Using Long or Any is recommended for auto-generated numeric keys. Int is limited to 32-bit and may be insufficient for large tables.
@indexed
Creates a secondary index on the attribute for fast querying. Required for filtering by this attribute in REST queries, SQL, or NoSQL operations.
type Product @table {
id: Long @primaryKey
category: String @indexed
price: Float @indexed
}
If the field value is an array, each element in the array is individually indexed, enabling queries by any individual value.
Null values are indexed by default (added in v4.3.0), enabling queries like GET /Product/?category=null.
@embed
Added in: v5.1.0
Automatically computes an embedding vector for the attribute whenever the source field is written, using a configured embedding model:
type Document @table {
id: Long @primaryKey
text: String
embedding: [Float] @embed(source: "text", model: "default")
}
source— the name of the field to embed. Must be a declared field on the same type, passed as a string literal.model— the logical name of a configured embedding model, passed as a string literal.
The attribute type must be [Float]. The attribute is automatically indexed with an HNSW vector index, so it is immediately searchable by similarity; an explicit @indexed on the same attribute is allowed only if it is also HNSW.
Write semantics:
- Creating a record with the source field, or updating the source field, computes the vector before the write commits (with
inputType: 'document'). A failure to compute the embedding fails the write. - An update that does not touch the source field leaves the vector unchanged.

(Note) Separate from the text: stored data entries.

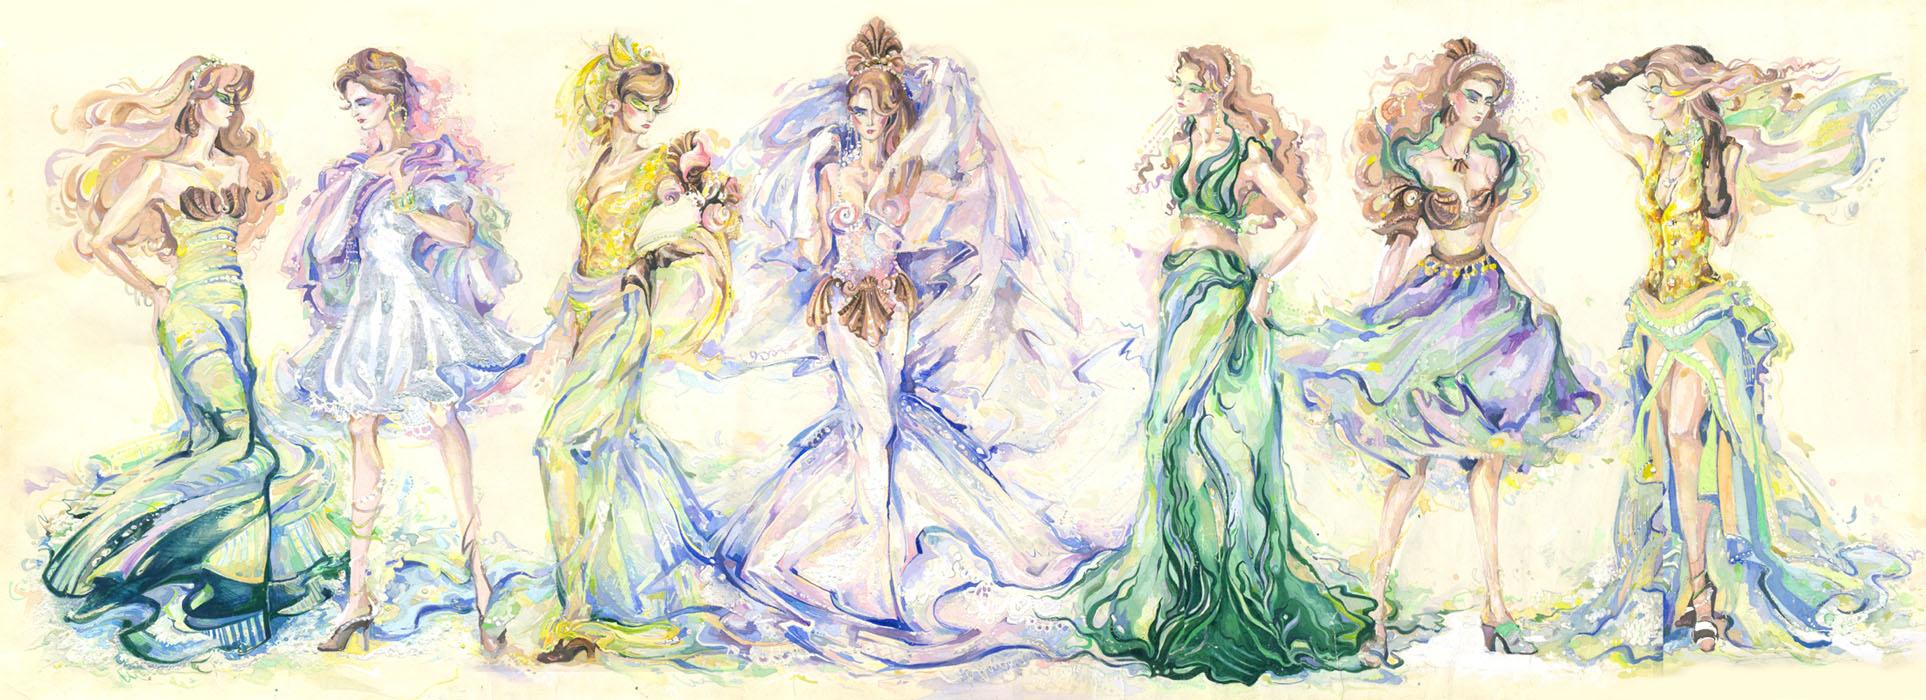 Marine Fashion Collection by Callista1981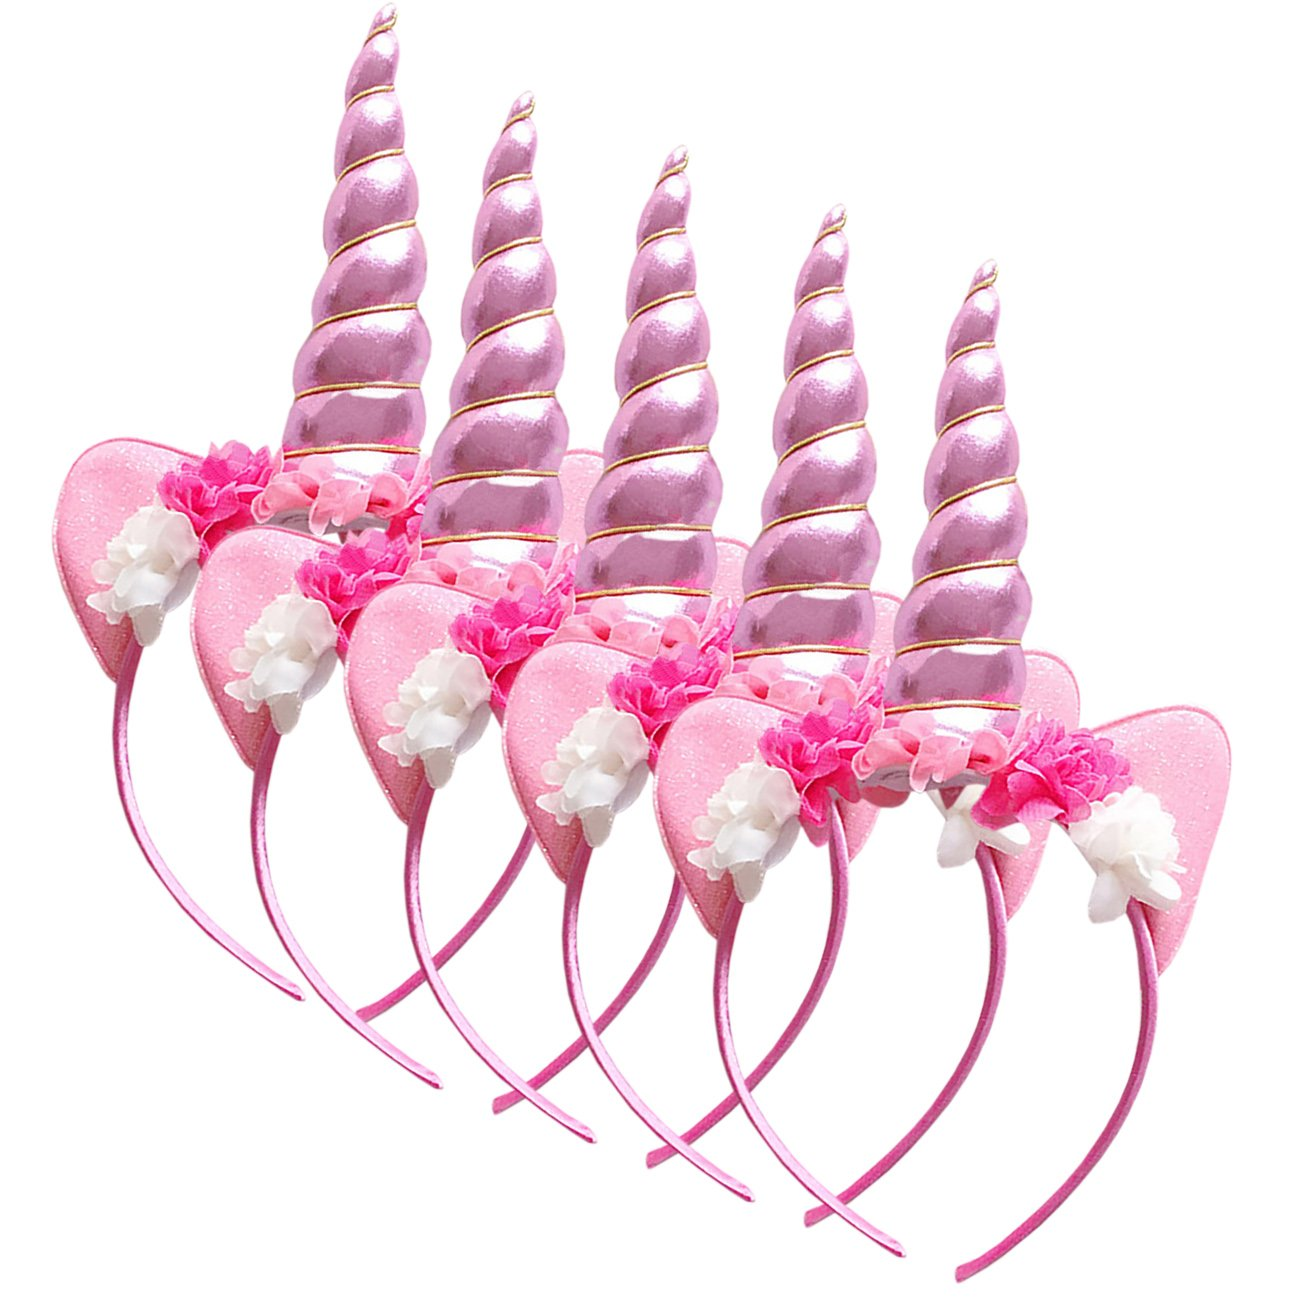 THEE Kid Girls Unicorn Horn Head Party Hair Headband Fancy Dress Cosplay Decorative 5pcs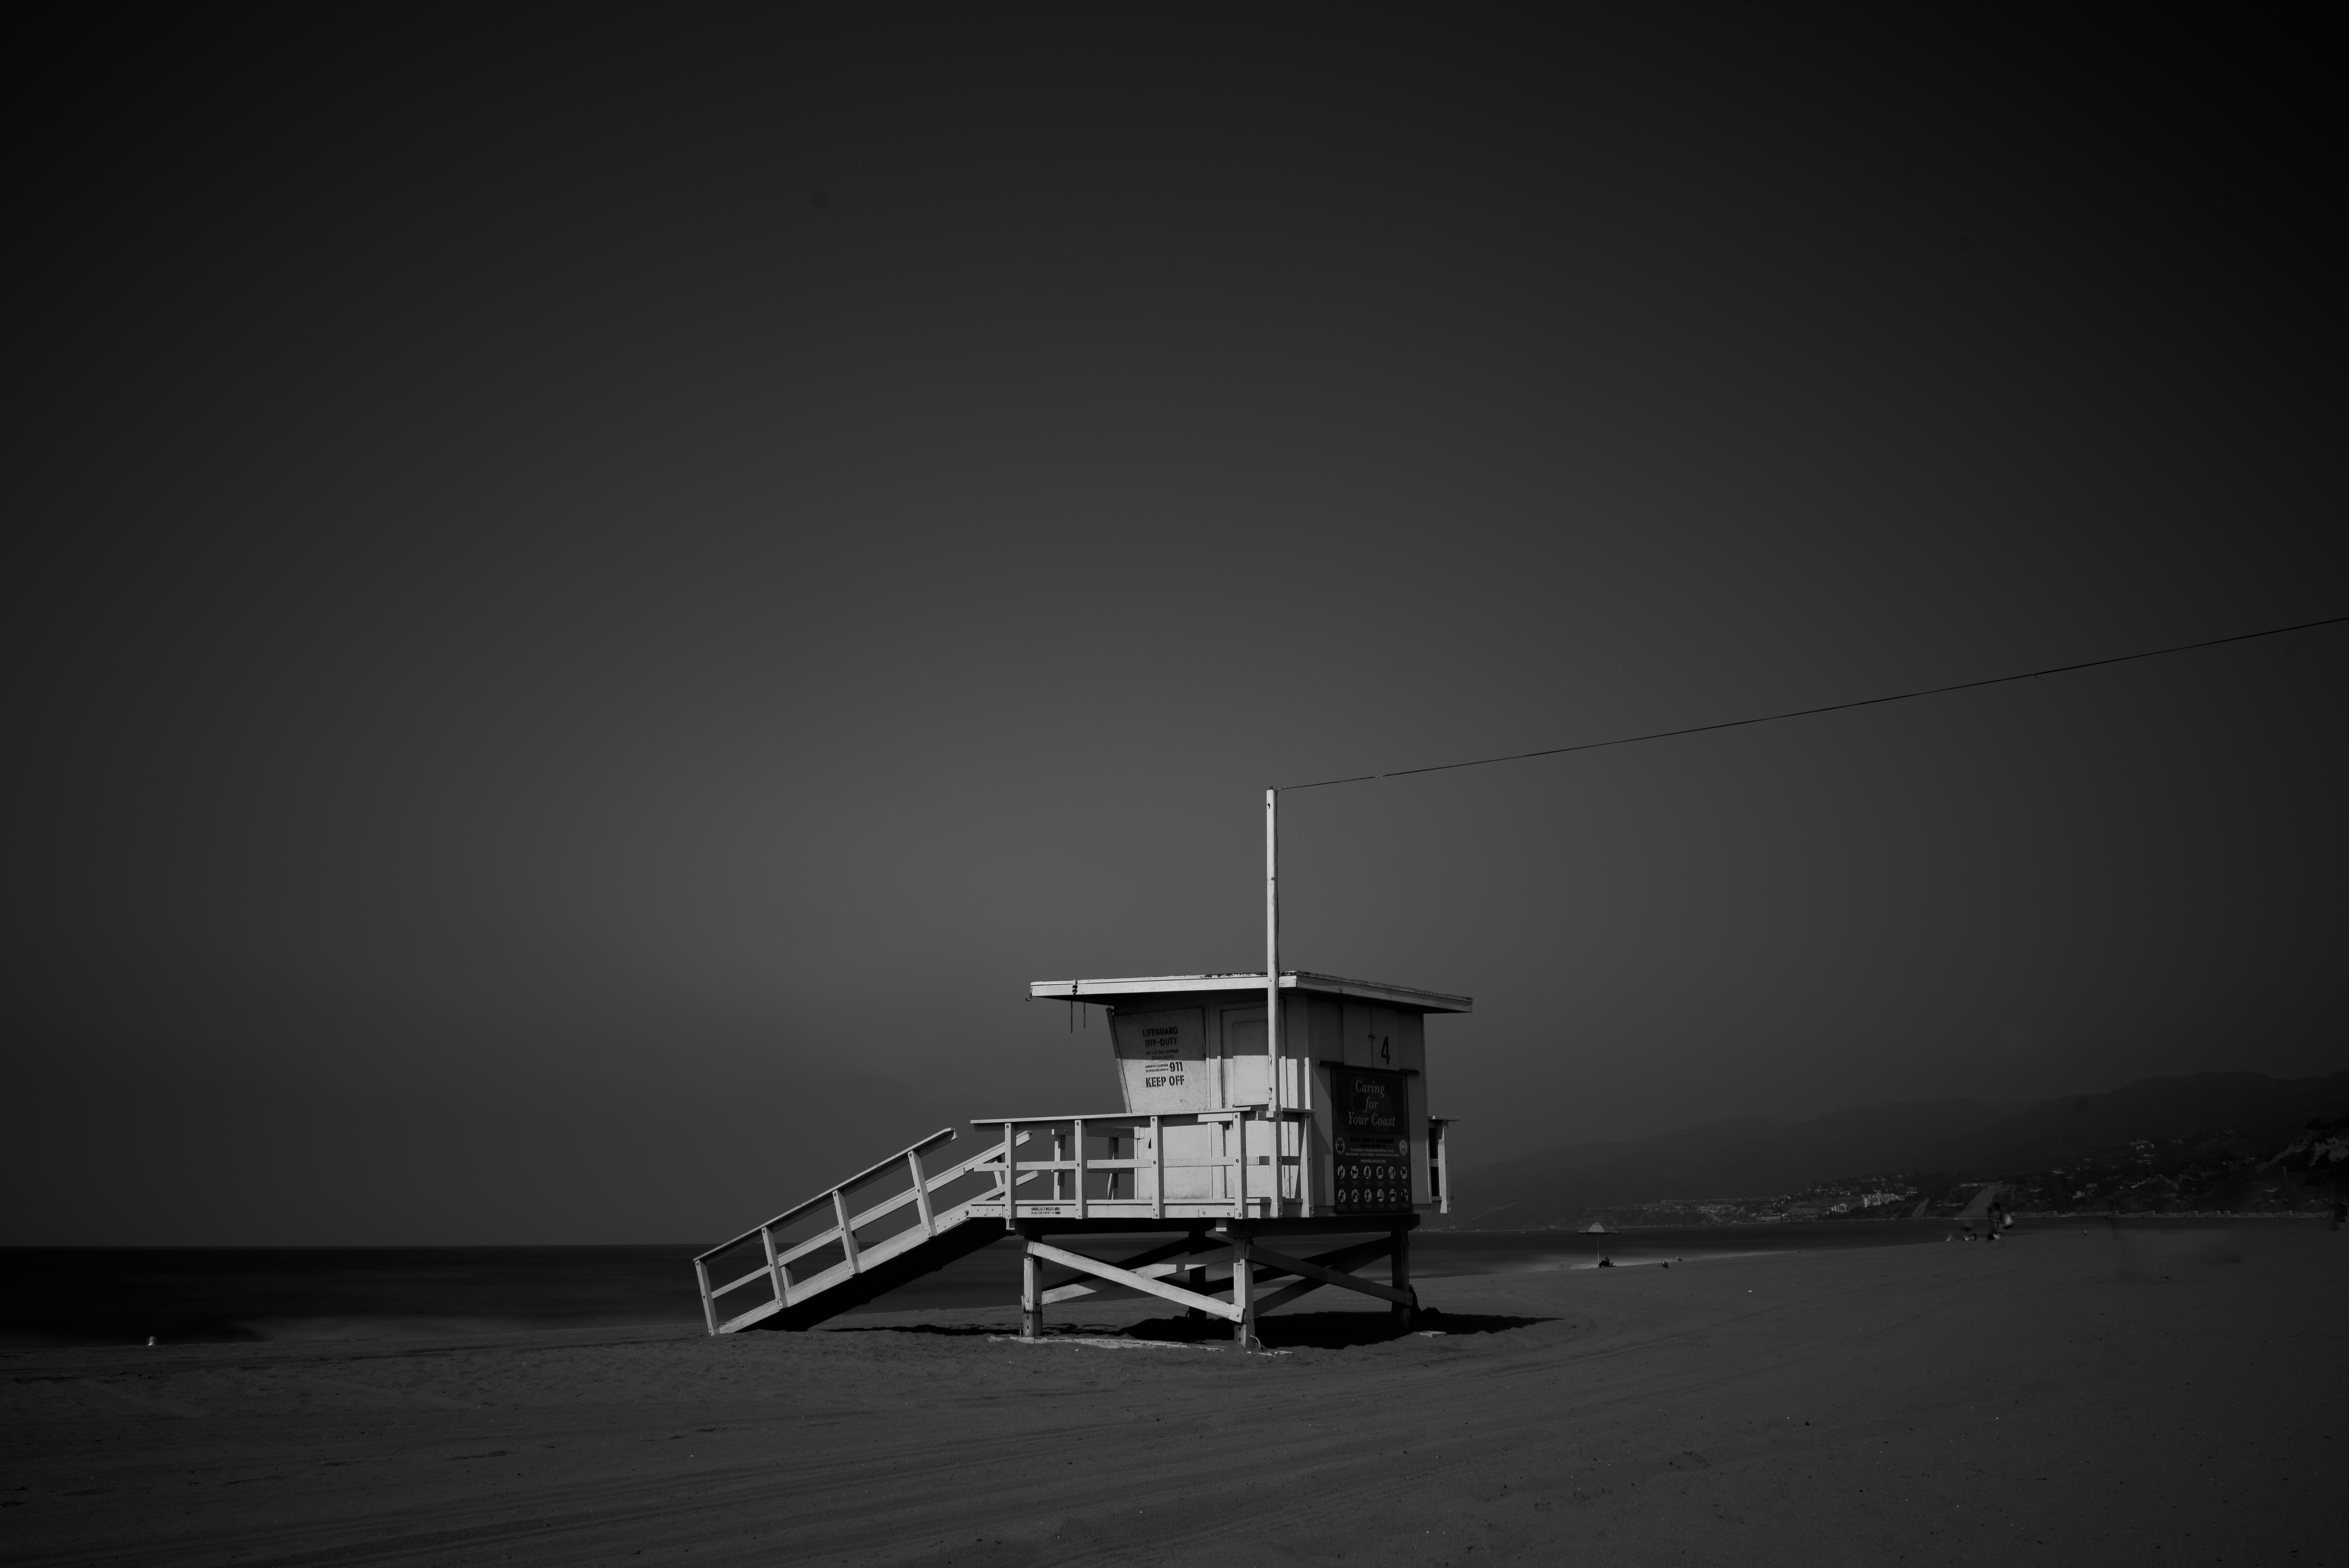 White Wooden Lifeguard House Near Shoreline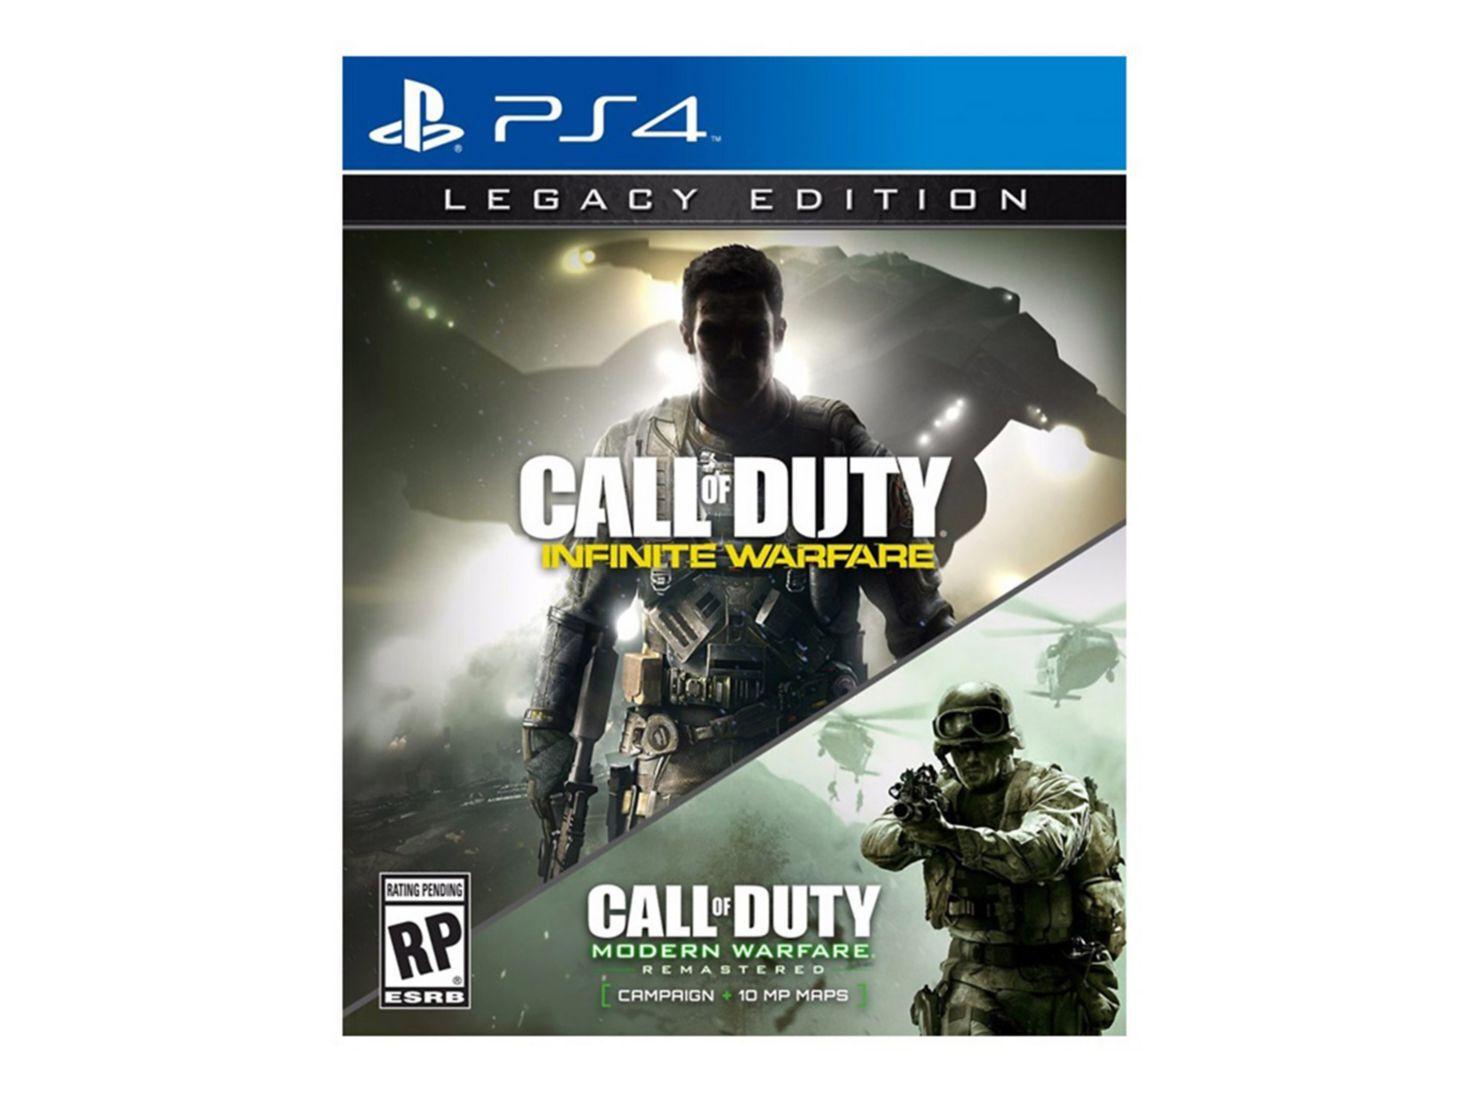 Juego Ps4 Call Of Duty Infinite Warfare Legacy Edition Juegos Ps4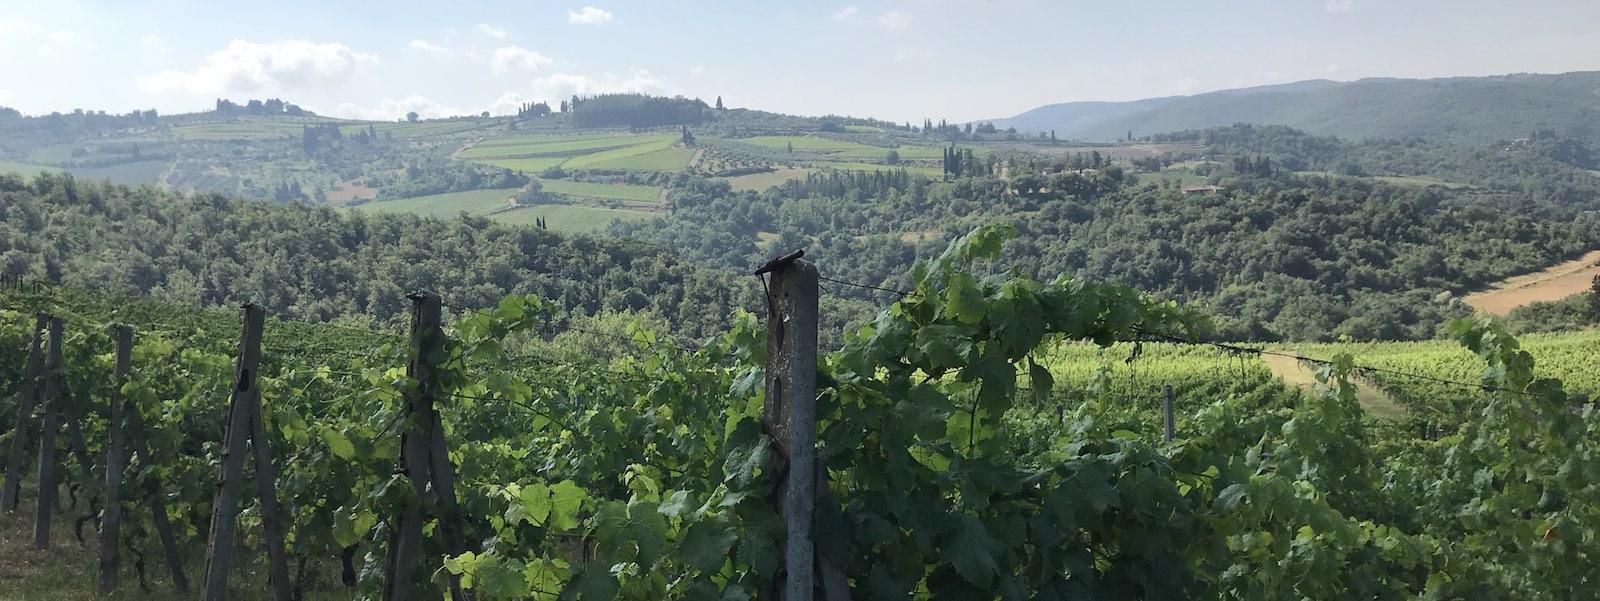 Natural wine vineyards

- Setting the source field to
nullsets the vector tonull. - Replicated writes and audit-log replays do not re-embed — the vector travels with the record, and only the node that accepted the original write calls the model.
Multiple @embed attributes on one type are computed concurrently.
@createdTime
Automatically assigns a creation timestamp (Unix epoch milliseconds) to the attribute when a record is created.
type Event @table {
id: Long @primaryKey
createdAt: Long @createdTime
}
@updatedTime
Automatically assigns a timestamp (Unix epoch milliseconds) each time the record is updated.
type Event @table {
id: Long @primaryKey
updatedAt: Long @updatedTime
}
@hidden (Field Directive)
Suppresses the field from MCP tool descriptors and the OpenAPI document. The attribute still exists in the table; data is still queryable through other interfaces subject to RBAC. Use this for fields that should not appear in introspectable surfaces.
type Customer @table {
id: Long @primaryKey
name: String
"""
Internal — do not surface to external consumers.
"""
creditScore: Int @hidden
}
@hidden is a metadata-visibility directive, not access control: attribute_permissions on roles remains the data-access enforcement mechanism.
Relationships
Added in: v4.3.0The @relationship directive defines how one table relates to another through a foreign key. Relationships enable join queries and allow related records to be selected as nested properties in query results.
@relationship(from: attribute) — many-to-one or many-to-many
The foreign key is in this table, referencing the primary key of the target table.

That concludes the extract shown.